Some limitations must be considered. We measured BP three times, but some participants’ BP may be unreliable, owing to the white coat effect,a and a 24-hour BP measurement is recommended to obtain more reliable test results. However, owing to the survey set-up this was impossible. The participants rested at least five minutes before the first BP measurement, and we used the average of the second and third BP measurements. We did not include information on physical activity, which could have decreased our participants’ BP; and hunters in Greenland, who may be among those in the highest quintile of mercury, in general have a high level of physical activity. However, we did not include physical activity as a confounder in our analyses, since information on physical activity is not yet available in our study. This is a cross-sectional study and therefore any interpretation about exposure and outcome should be carefully interpreted.
Relation to other studies
Like Pedersen et al. , who studied mercury in blood and 24-hour BP among Greenlanders and Danes, we also found that DBP decreased with increasing blood mercury concentrations; however, this was only among men. This overall effect of mercury was also only present among men for quintiles of mercury (Wald test, p = 0.01). Among women we found no statistically significant lower DBP among those in the highest quintile compared with those in the lowest quintile.
Pedersen et al.  divided blood mercury into quintiles; the lower quintile included Danes, and the other quintiles included Inuit Greenlanders (with a median blood mercury = 16.2 μg/L). However they did not stratify these analyses by sex, as we did, which may explain why we found a difference in DBP among men for quintiles of mercury but not among women, since men in our study had a higher median blood mercury concentration (22 μg/L) than the median in their study, whereas the median blood mercury concentration among women in our study was almost similar (16 μg/L). However, Pedersen et al. found no difference in BP among the three mercury quintile groups including Greenlanders, and there was no relation between blood mercury and DBP when the Danes and Greenlanders were analysed separately (multiple adjusted linear regression analysis). Our results partially agree on this; we found no differences in DBP among men in quintiles 2 and 3 vs. quintile 1, but there was a lower DBP among men in blood mercury quintiles 4–5 than in the lower quintiles. Among women we found that DBP in quintile groups 2–5 was no lower than DBP in quintile 1 (Wald, p = 0.19). Our results therefore partly support the hypothesis that the relationship between mercury and BP is non-linear.

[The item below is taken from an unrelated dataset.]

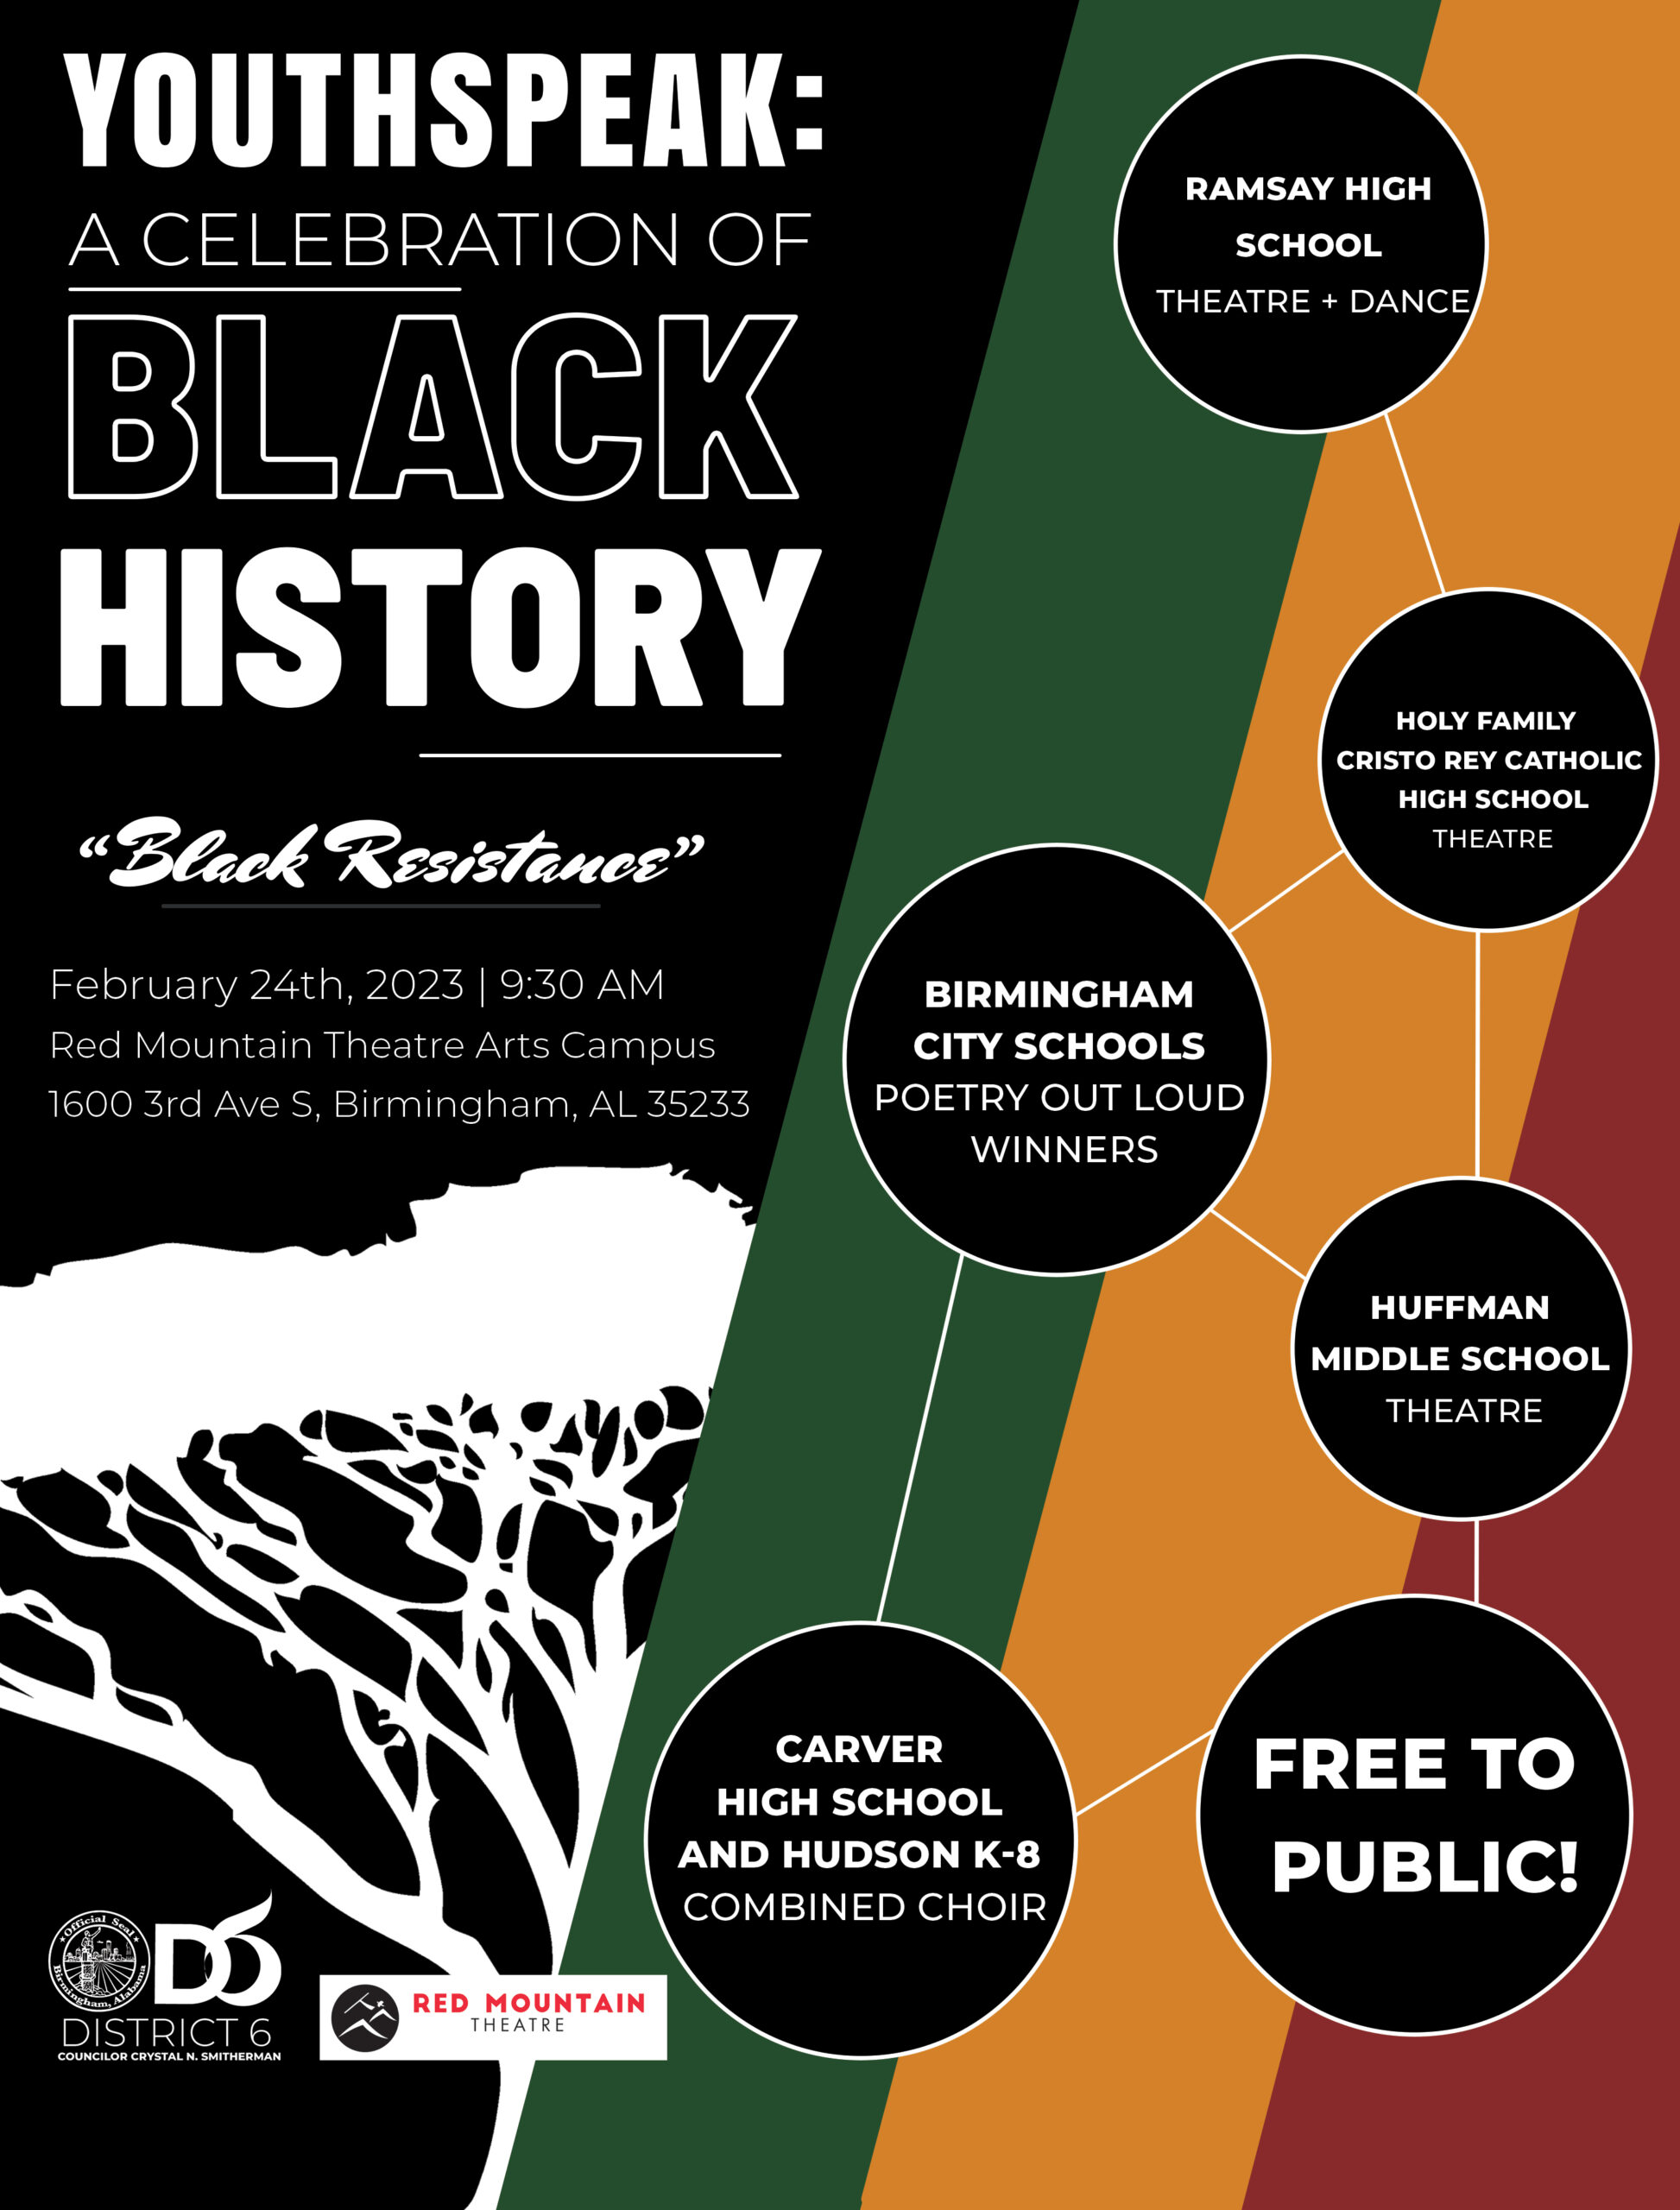 YOUTHSPEAK: A CELEBRATION OF BLACK HISTORY

The lower DBP among men in the upper quintiles of mercury might be explained by several factors; these might be, for example, a more relaxed lifestyle (approximately 55% of all men in the 4th and 5th quintile of mercury lived in villages) or a higher level of physical activity (1/3 of all men below 63 years in the 4th and 5th quintiles are hunters/fishermen) or due to residual confounding from diet.
Our results concerning a negative relation between blood mercury and DBP disagree with studies in populations that have a lower blood mercury concentration . Valera et al. found a near statistically significant positive relation between blood mercury concentration and DBP among Inuit in Nunavik . Unlike Valera, we omitted information on insulin resistance, cholesterol and triglycerides in the multivariate analyses since we found no empirical evidence suggesting that these are confounding factors. However, like Valera et al., we also included information on selenium and PUFA, which is highly recommended  since these factors may affect BP in the opposite direction of mercury.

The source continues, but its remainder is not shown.